Distribution across Countries (GDP): Most countries seem to have similar GDP distributions, The United States and China however had clearly higher values of GDP than the other countries.

Distribution across Countries (Economic Growth)

indicators$growth <- as.numeric(as.character(indicators$growth))
ggplot(indicators, aes(x = growth)) +
  geom_histogram(aes(y = ..density..), bins = 30, fill = "#81D8D0", color = "black", alpha = 0.7) +
  facet_wrap(~ Country, scales = "free_y") +  
  stat_function(fun = dnorm, 
                args = list(mean = mean(indicators$growth, na.rm = TRUE), 
                            sd = sd(indicators$growth, na.rm = TRUE)), 
                color = "pink", lwd = 1) +
  labs(title = "Distribution of Economic Growth Across Countries", x = "Economic Growth", y = "Density") +
  theme_minimal()

Distribution across Countries (Economic Growth): Most countries seem to have a left skewed distribution of Economic Growth, meaning that for the most part, countries throughout the time period have had positive economic growth and few values of negative economic growth.

Distribution across Time (Inflation Rate)

ggplot(indicators, aes(x = inflation)) +
  geom_histogram(aes(y = ..density..), bins = 30, fill = "lightblue", color = "black", alpha = 0.7) +
  facet_wrap(~ Year, scales = "free_y") + 
  stat_function(fun = dnorm, 
                args = list(mean = mean(indicators$inflation, na.rm = TRUE), 
                            sd = sd(indicators$inflation, na.rm = TRUE)), 
                color = "pink", lwd = 1) +
  labs(title = "Distribution of Inflation Rate Across Time (Year)", x = "Inflation Rate", y = "Density") +
  theme_minimal()

Distribution across Time (Inflation Rate) shows that in most years inflation is skewed to the right (low inflation). It is apparent though that some years have very high values (could be coming from one specfiic country).

Distribution across Time (Unemployment Rate)

ggplot(indicators, aes(x = unemployment)) +
  geom_histogram(aes(y = ..density..), bins = 30, fill = "#81D8D0", color = "black", alpha = 0.7) +
  facet_wrap(~ Year, scales = "free_y") +
  stat_function(fun = dnorm, 
                args = list(mean = mean(indicators$unemployment, na.rm = TRUE), 
                            sd = sd(indicators$unemployment, na.rm = TRUE)), 
                color = "pink", lwd = 1) +
  labs(title = "Distribution of Unemployment Rate Across Time (Year)", x = "Unemployment Rate", y = "Density") +
  theme_minimal()

Distribution across Time (Unemployment Rate) shows that unemployment in all years is low (right skewed).

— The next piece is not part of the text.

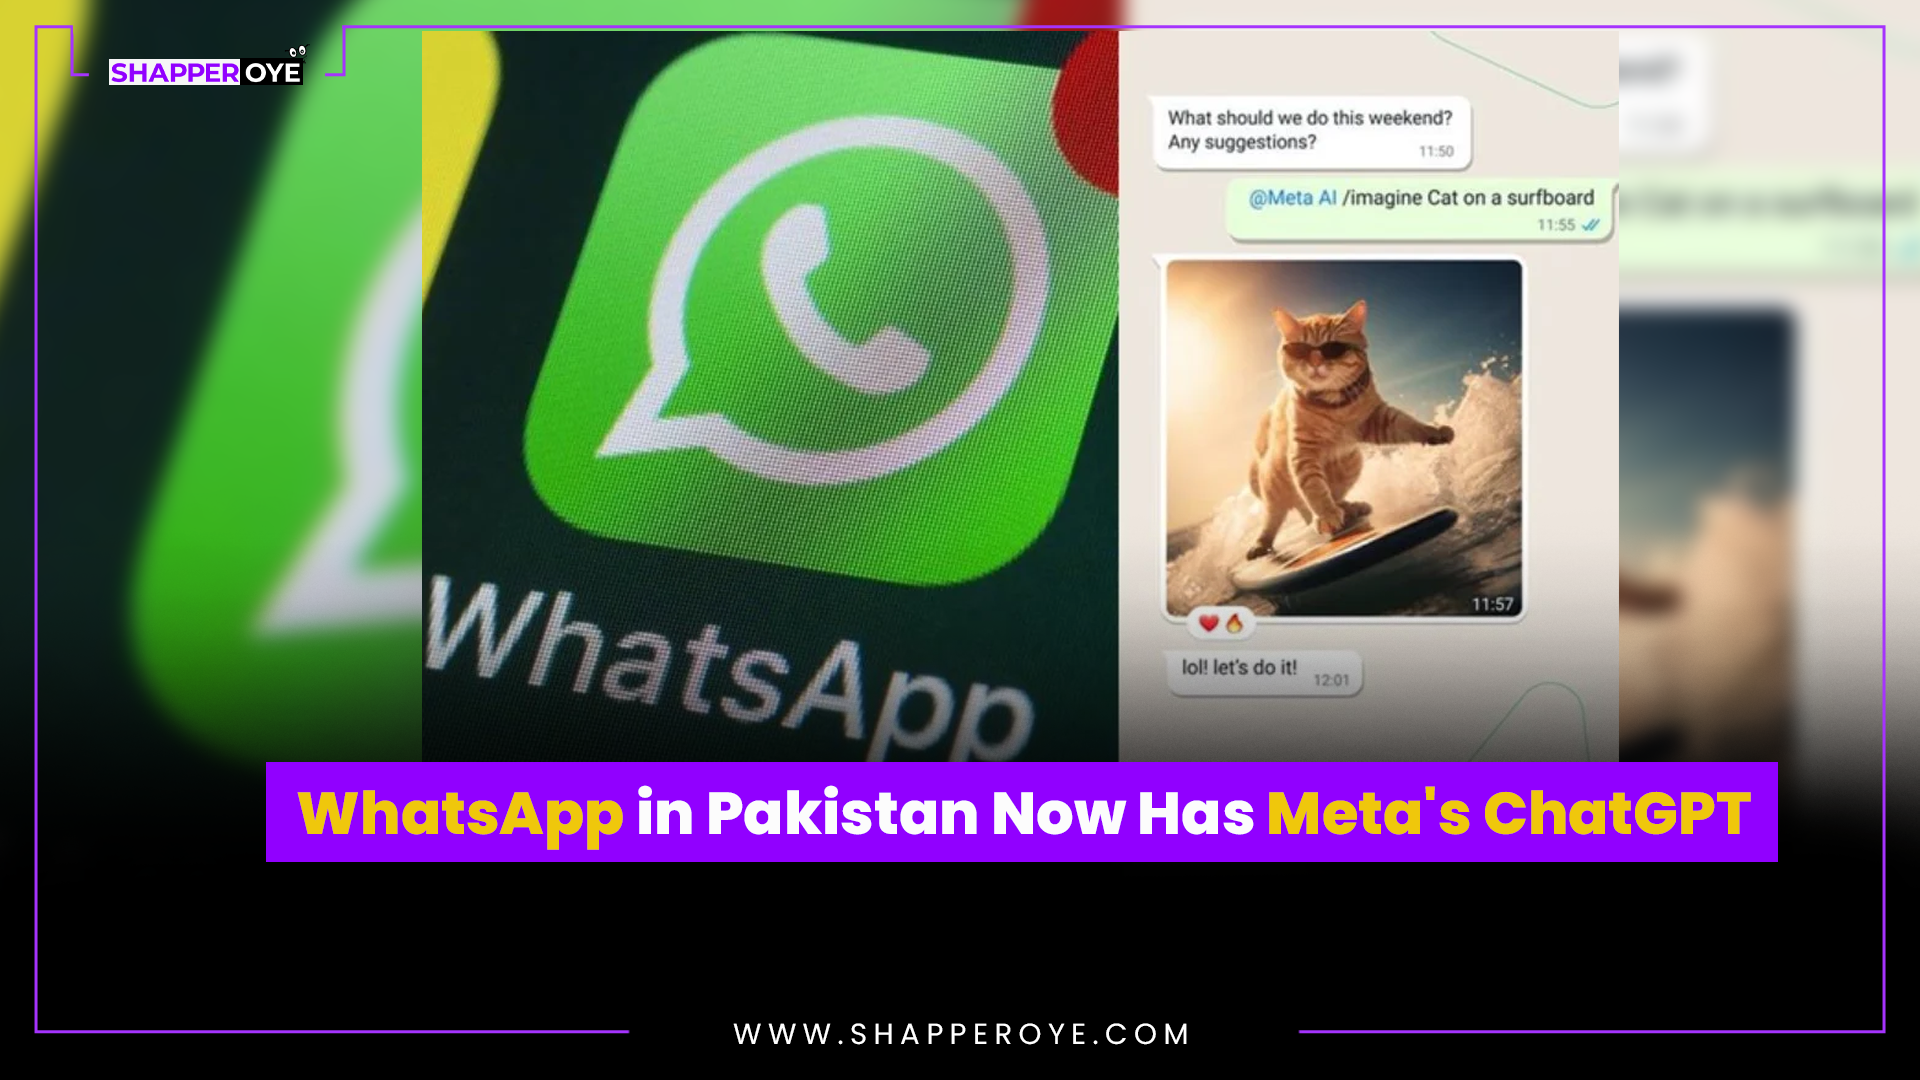 WhatsApp in Pakistan Now Has Meta's ChatGPT

It is aparent that high unemployment values are seen in 2021, 2022, and 2023. However these distributions could be misleading if all ranges are being taken from only one observation, therefore the years could have normal distributions with 2021-2023 having skewed distributions.

Distribution across Time (GDP)

ggplot(indicators, aes(x = GDP)) +
  geom_histogram(aes(y = ..density..), bins = 30, fill = "#81D8D0", color = "black", alpha = 0.7) +
  facet_wrap(~ Year, scales = "free_y") +  
  stat_function(fun = dnorm, 
                args = list(mean = mean(indicators$GDP, na.rm = TRUE), 
                            sd = sd(indicators$GDP, na.rm = TRUE)), 
                color = "pink", lwd = 1) +
  labs(title = "Distribution of GDP in billions of USD Across Time (Year)", x = "Unemployment Rate", y = "Density") +
  theme_minimal()

Distribution across Time (GDP) looks similar across time. This is because each countries is contributing to a certain value on the histogram and that country will continue to rise slowly in GDP. Every year however there are values that are moving down significantly faster than others meaning that a few countries are growing faster than others in this time period.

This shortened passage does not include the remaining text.